Эту философию пронизывает стихийная диалектика мысли, в которой дает себя знать объективная диалектика исторического переворота во
всех сферах культуры. Все начала перевернуты и обнаруживают свою изнанку: "Любая вещь имеет два лица... и лица эти отнюдь не схожи одно с
другим. Снаружи как будто смерть, а загляни внутрь — увидишь жизнь, и наоборот, под жизнью скрывается смерть, под красотой — безобразие, под
изобилием — жалкая бедность, под позором — слава, под ученостью — невежество, под мощью — убожество, под благородством — низость, под
весельем — печаль, под преуспеянием — неудача, под дружбой — вражда, под пользой — вред" (гл. XXIX). Официальная репутация и подлинное
лицо, видимость и сущность всего в мире противоположны. Мория природы на самом деле оказывается истинным разумом жизни, а отвлеченный
разум официальных "мудрецов" — это безрассудство, сущее безумие. Мория — это мудрость, а казенная "мудрость" — это худшая форма Мории,
подлинная глупость. Чувства, которые, если верить философам, нас обманывают, приводят к разуму, практика, а не схоластические писания — к
знанию, страсти, а не стоическое бесстрастие — к доблести. Вообще глупость ведет к мудрости (гл. XXX). Уже с заголовка и с посвящения, где
сближены "столь далекие по существу" Мория и Томас Мор, Глупость и гуманистическая мудрость, вся парадоксальность "Похвального слова"

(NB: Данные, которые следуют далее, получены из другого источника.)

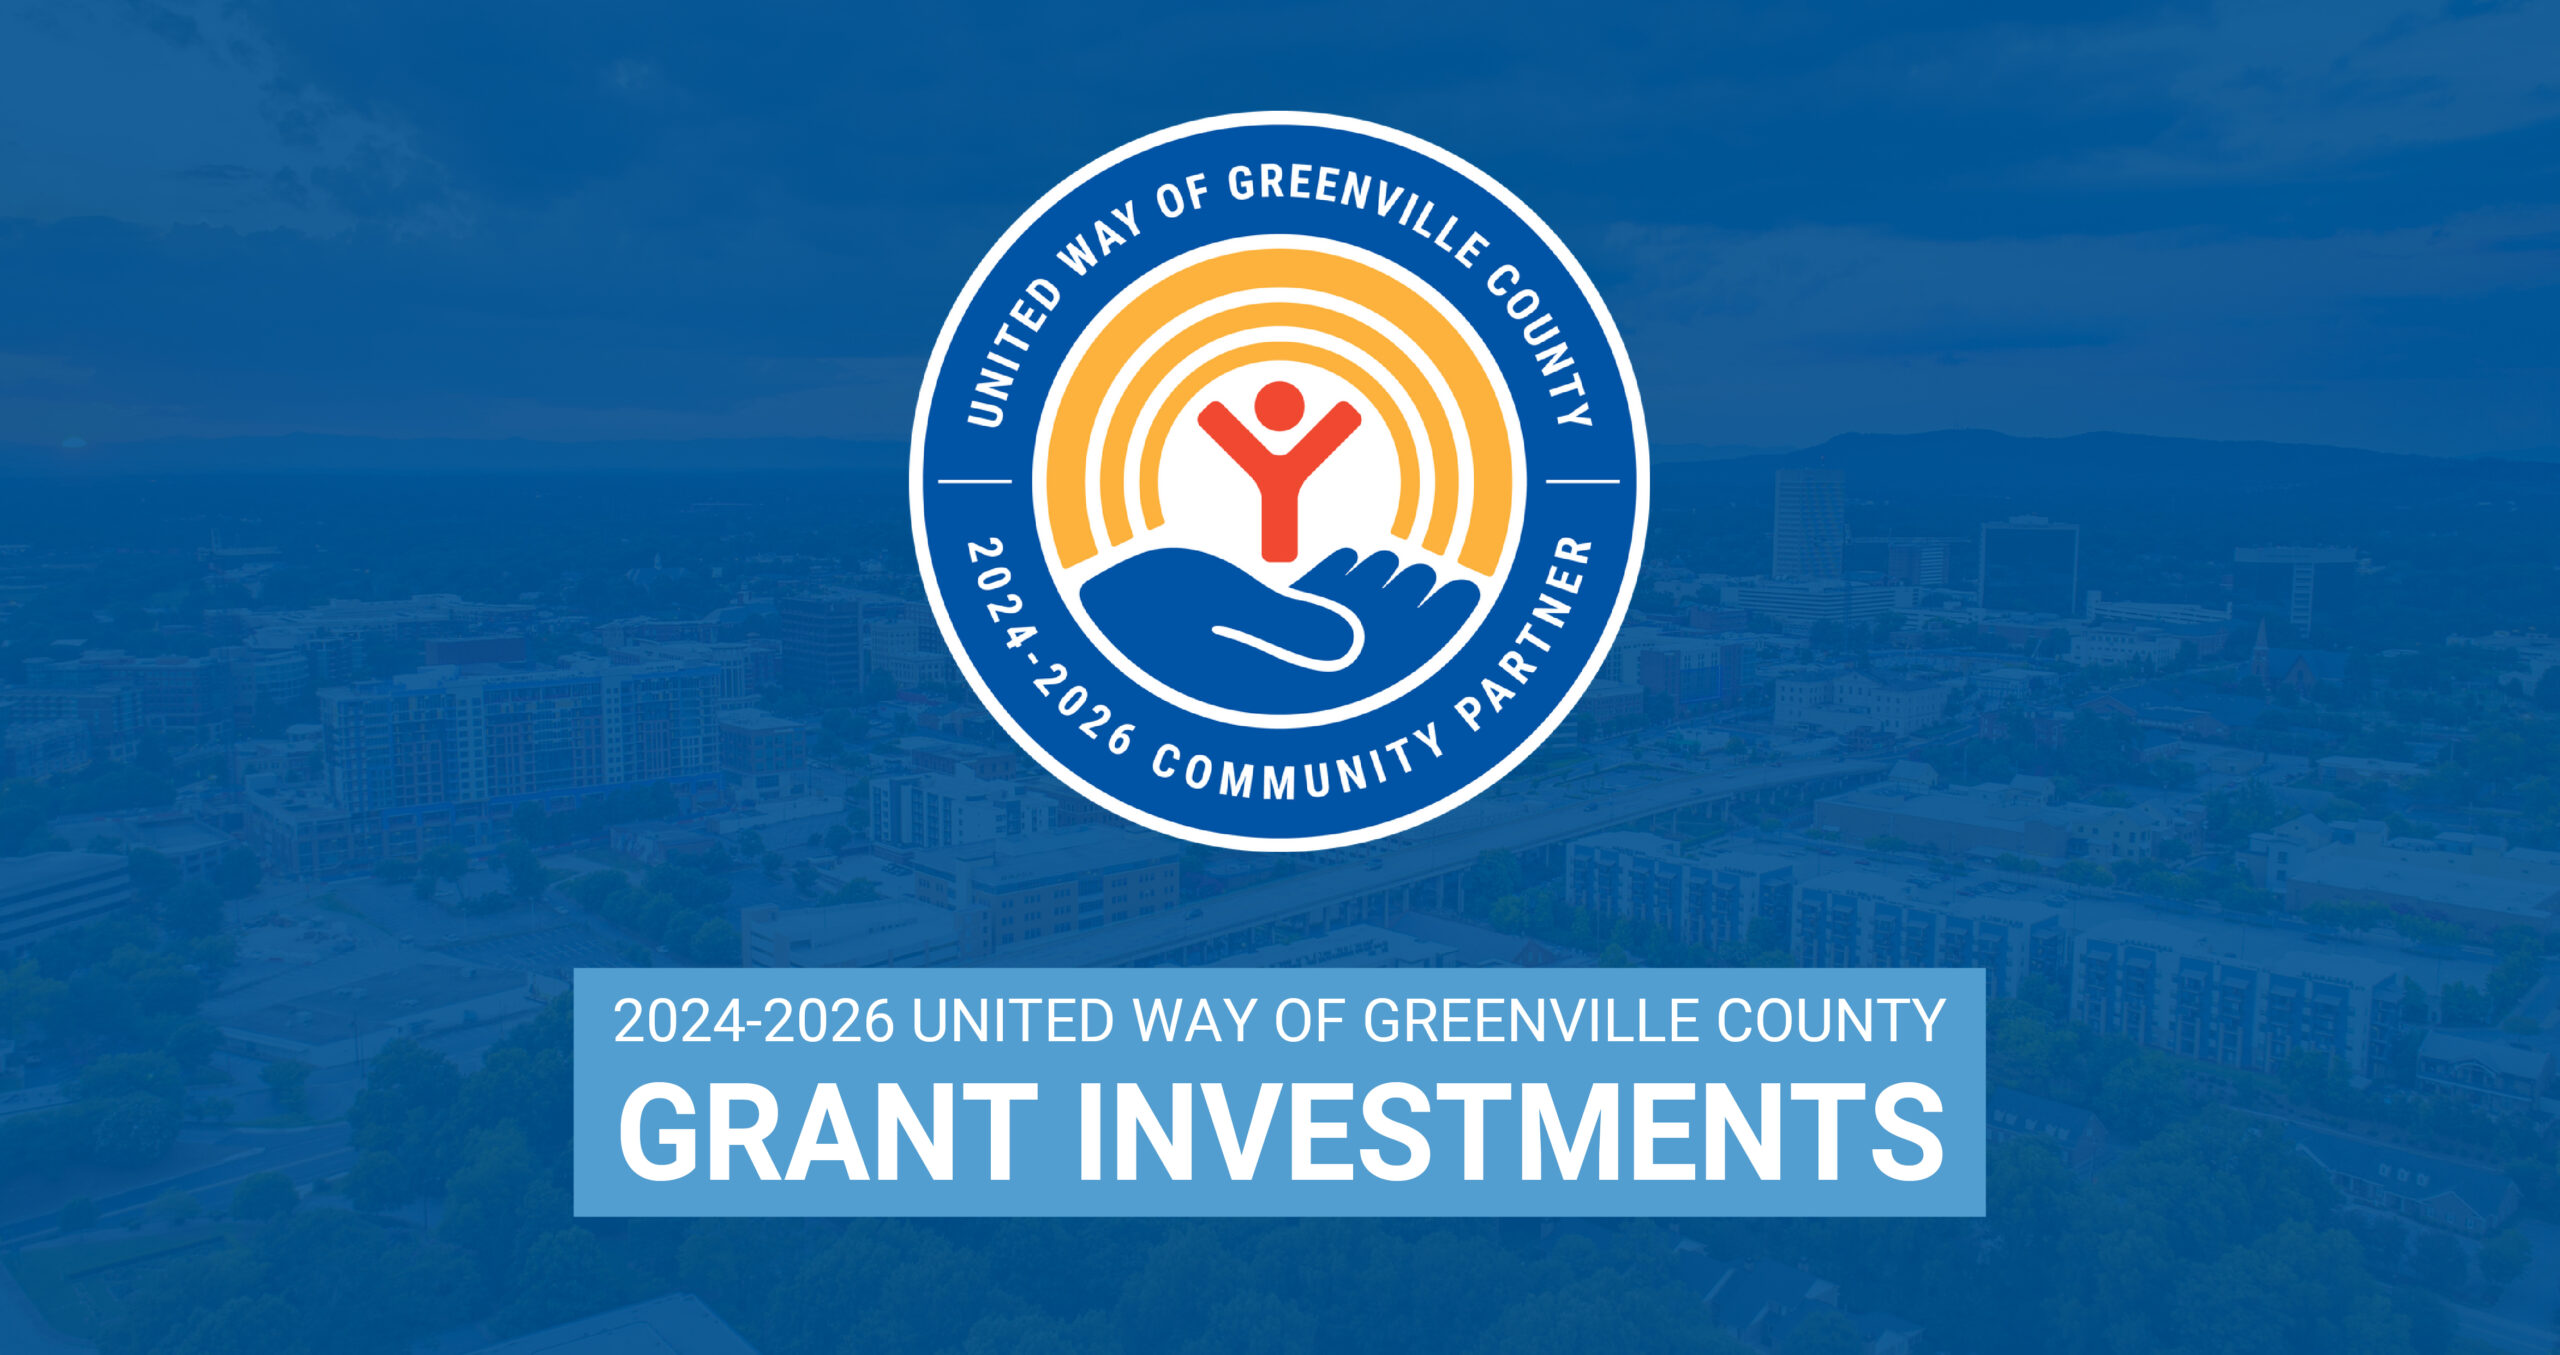 United Way announces new 3-year, $9 million funding to 48 community partners

коренится в диалектическом взгляде, согласно которому все вещи сами по себе противоречивы и "имеют два лица". Всем своим очарованием
философский юмор Эразма обязан этой живой диалектике.
Жизнь не терпит никакой односторонности. Поэтому рассудочному "мудрецу" — доктринеру, схоласту, начетчику, который жаждет все подогнать
под бумажные нормы и везде суется с одним и тем же мерилом, нет места ни на пиру, ни в любовном разговоре, ни за прилавком. Веселье,
наслаждение, практика житейских дел имеют свои особые законы, его критерии там непригодны. Ему остается лишь самоубийство (гл. XXXI).
Односторонность отвлеченного принципа убивает все живое, ибо не мирится с многообразием жизни.
Поэтому пафос произведения Эразма направлен, прежде всего, против ригоризма внешних формальных предписаний, против доктринерства
начетчиков-"мудрецов". Вся первая часть речи построена на контрасте живого древа жизни и счастья и сухого древа отвлеченного знания. Эти
непримиримые всезнающие стоики, эти чурбаны готовы все подогнать под общие нормы, отнять у человека все радости. Но всякая истина
конкретна. Всему свое место и время. Придется этому стоику отложить свою хмурую важность, покориться сладостному безумию, если он захочет
стать отцом (гл. XI). Рассудительность и опыт подобают зрелости, но не детству. "Кому не мерзок и не кажется чудовищем мальчик с умом взрослого
человека?" Беспечности, беззаботности люди обязаны счастливой старостью (гл. XIII). Игры, прыжки и всякие "дурачества" — лучшая приправа
пиров: здесь они на своем месте (гл. XVIII). И забвение для жизни так же благотворно, как память и опыт (гл.XI). Снисходительность, терпимость к
чужим недостаткам, а не глазастая строгость — основа дружбы, мира в семье и всякой связи в человеческом обществе (гл. XIX,XX, X XI).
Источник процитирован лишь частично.